- [What you have to do] Within the listing below, the lines to output run from the one containing "ขอเชิญ แพทย์ พยาบาล" through the one containing "Spodnie męskie jeans"; copy them exactly and nothing else.

- [Dataset entries]
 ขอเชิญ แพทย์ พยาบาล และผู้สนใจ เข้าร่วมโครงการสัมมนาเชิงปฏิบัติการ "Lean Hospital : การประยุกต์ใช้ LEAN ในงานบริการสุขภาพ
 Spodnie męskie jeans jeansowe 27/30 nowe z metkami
...
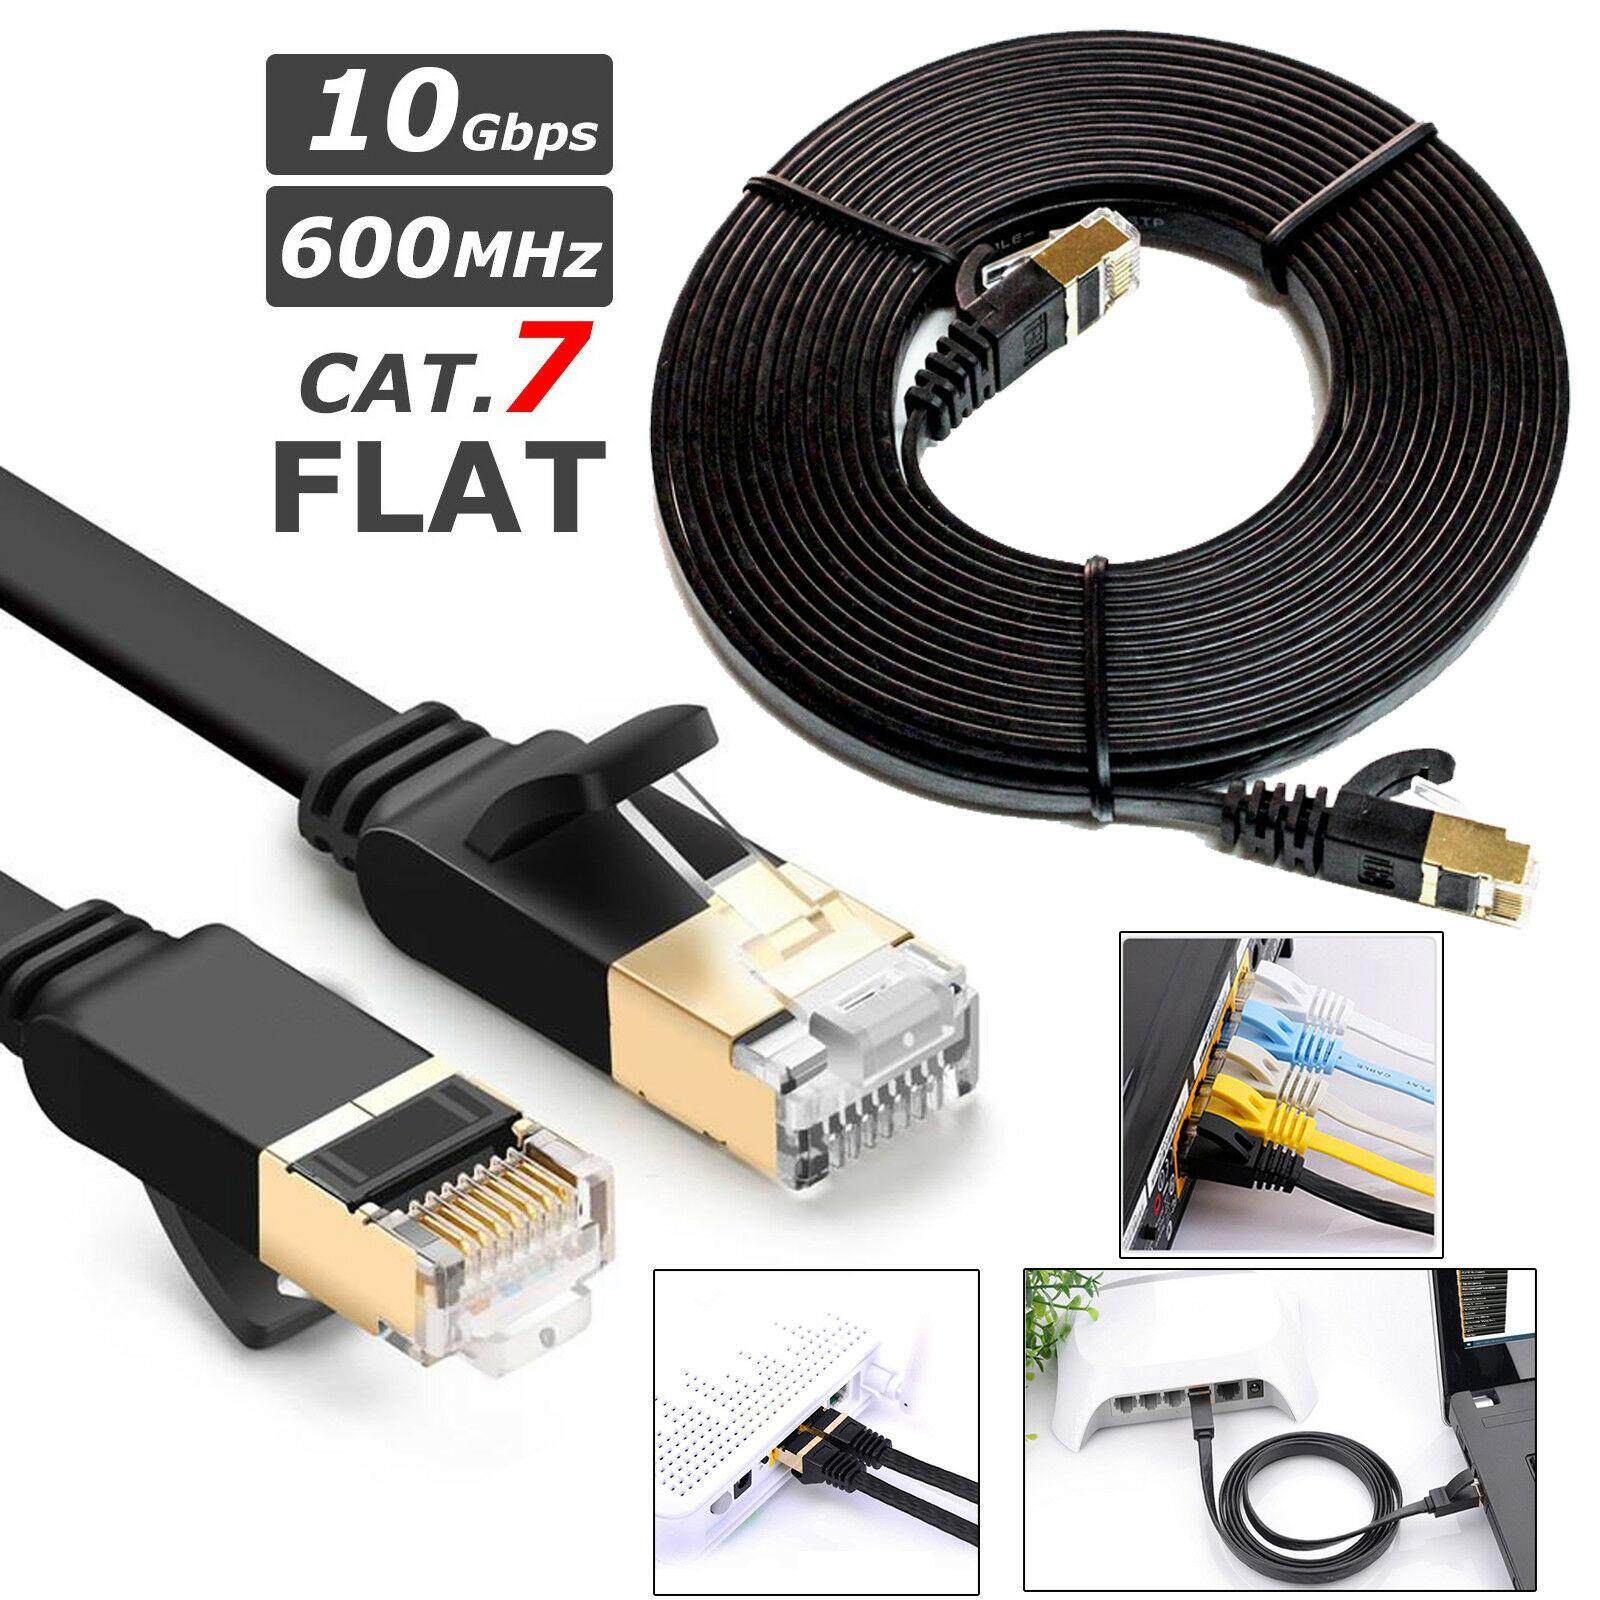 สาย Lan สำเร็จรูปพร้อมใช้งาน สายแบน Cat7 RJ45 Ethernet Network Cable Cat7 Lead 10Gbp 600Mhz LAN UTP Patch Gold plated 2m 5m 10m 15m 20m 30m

- [Answer section]
 ขอเชิญ แพทย์ พยาบาล และผู้สนใจ เข้าร่วมโครงการสัมมนาเชิงปฏิบัติการ "Lean Hospital : การประยุกต์ใช้ LEAN ในงานบริการสุขภาพ
 Spodnie męskie jeans jeansowe 27/30 nowe z metkami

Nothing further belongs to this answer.